If I had followed this rule across an entire season, how often would it have been right?

That shift turned the app from a dashboard into something much closer to a real analytics platform.

Why I built it

Early on, the app was oriented around collecting and displaying data: games, players, logs, team stats, odds, and props. That was valuable, but it did not answer the harder question:

Which patterns are actually predictive?

For example, a player averaging more points over their last five games than their season average might feel like a signal. Without a historical test, it is still an assumption.

The backtester lets me interrogate ideas like:

• Does recent form matter?
• Do increased minutes lead to better scoring opportunities?
• Does a last-five-game average outperform a season-to-date average in a way that generalizes?
• How do different EV model calibrations behave over time?
• Can a strategy hold up across multiple seasons?

The goal is not to “predict every game.” The goal is a repeatable research loop: test, measure, adjust, and improve.

Architecture at a glance

The system has three main execution paths:

1. Postgres / Supabase player game logs — raw historical, game-by-game strategies.
2. S3 Parquet feature files — precomputed, point-in-time features (season average before the game, last-five before the game, last-ten, minutes trends, outcomes).
3. Odds-aware prop EV backtest — replays model decisions against historical lines and settled outcomes.

At a high level:

The design choice that paid off most was layering:

• Data fetching
• Strategy logic
• Grading logic
• Persistence
• Reporting
• UI / API consumption

That separation keeps strategy code clean and testable. A strategy should not care whether a row came from S3, Postgres, or a fixture in a unit test. It receives historical rows, applies rules, and returns results.

Keeping strategy logic pure

One of the biggest lessons was to keep core strategy functions pure.

Strategies like “recent form” or “points last-five vs season” do not open database connections, call S3, or hit API routes. They take data in and return signals (and metadata) out.
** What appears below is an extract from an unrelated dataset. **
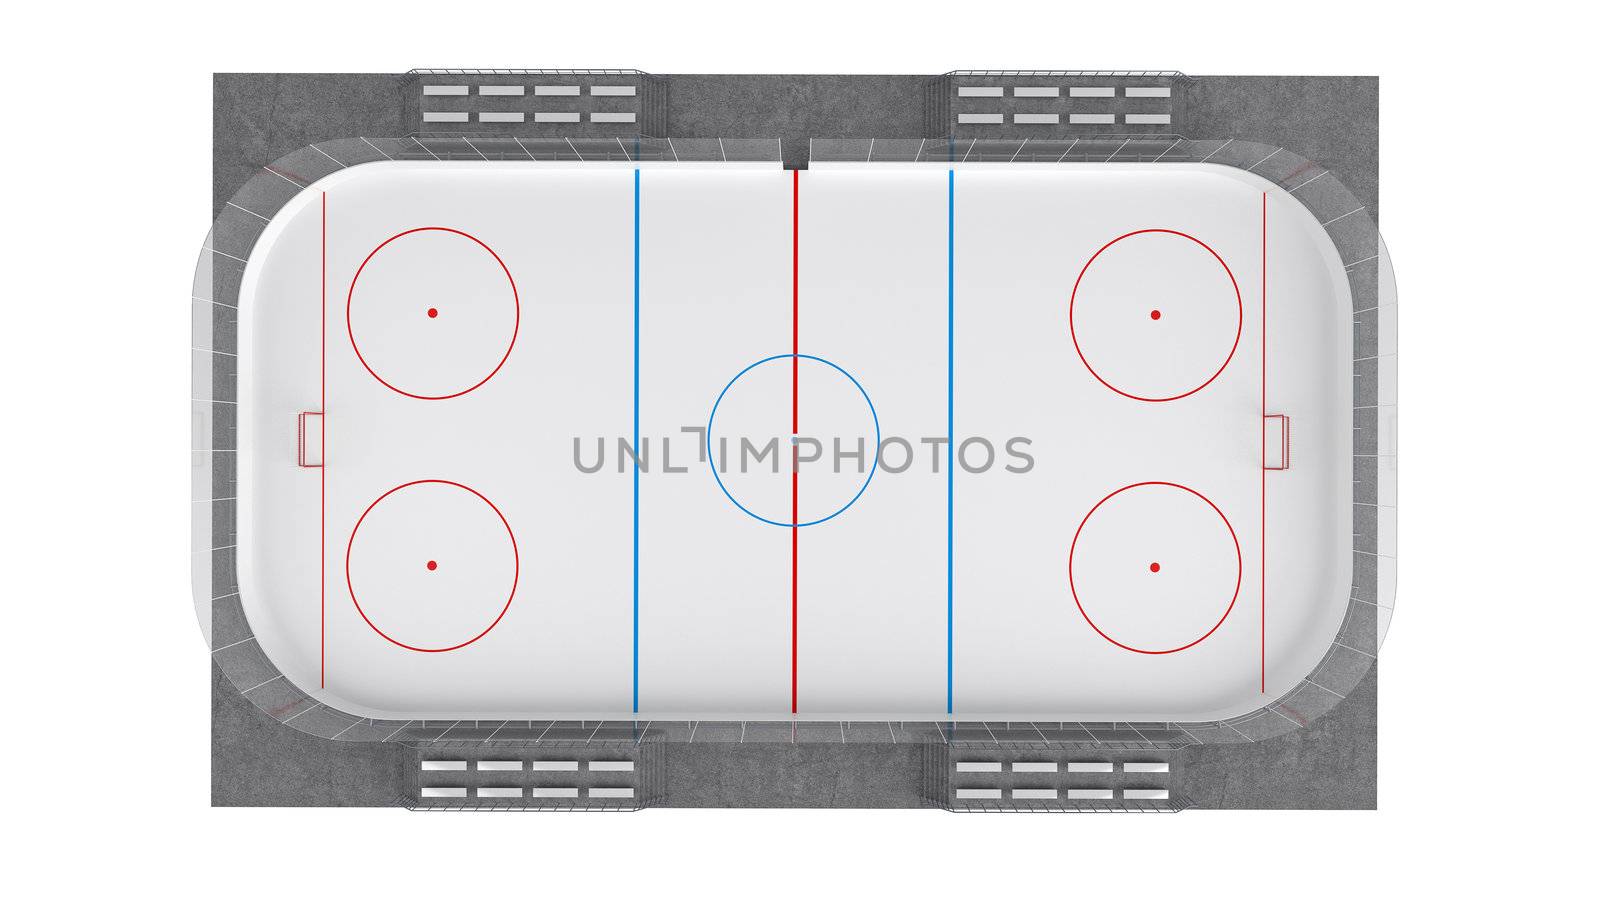 Hockey field isolated on white background

That makes the same code usable from:

• a CLI runner
• an API route
• automated tests
• (eventually) a dashboard-triggered workflow

When a result looks wrong, I can debug the pure function without simultaneously worrying about connection pools, IAM policies, or frontend state.

Example: points L5 vs season average

One of the first strategies I exercised was intentionally simple:

If a player’s last-five-game points average is meaningfully higher than their season average before the game, emit an OVER-style signal.

It relies on point-in-time fields such as:

• points_l5_avg_before_game
• points_season_avg_before_game
• actual_points
• prior_games (for sanity checks on sample size)

The “edge” is something like:

edge = points_l5_avg_before_game - points_season_avg_before_game

If the edge clears a threshold, the system records a signal. For grading in this research track, I might use a synthetic line derived from the player’s season average before that game—not a perfect stand-in for a sportsbook, but a controlled way to ask whether recent scoring form carries signal before wiring in full historical odds.

This is research scaffolding, not a claim of production-grade simulation. I am building in layers on purpose.

Avoiding lookahead bias

The fastest way to lie to yourself in a backtest is lookahead bias: using information that would not have existed at decision time.

If I am evaluating a game on January 15, nothing from January 16 or later belongs in the feature row.

Rolling averages must be computed from games strictly before the target contest. Hence column names like:

• points_season_avg_before_game
• points_l5_avg_before_game
• points_l10_avg_before_game
• minutes_l5_avg_before_game

That “before game” suffix is not pedantry. It encodes a point-in-time dataset: the question is not “What do we know now?” but “What would we have known then?”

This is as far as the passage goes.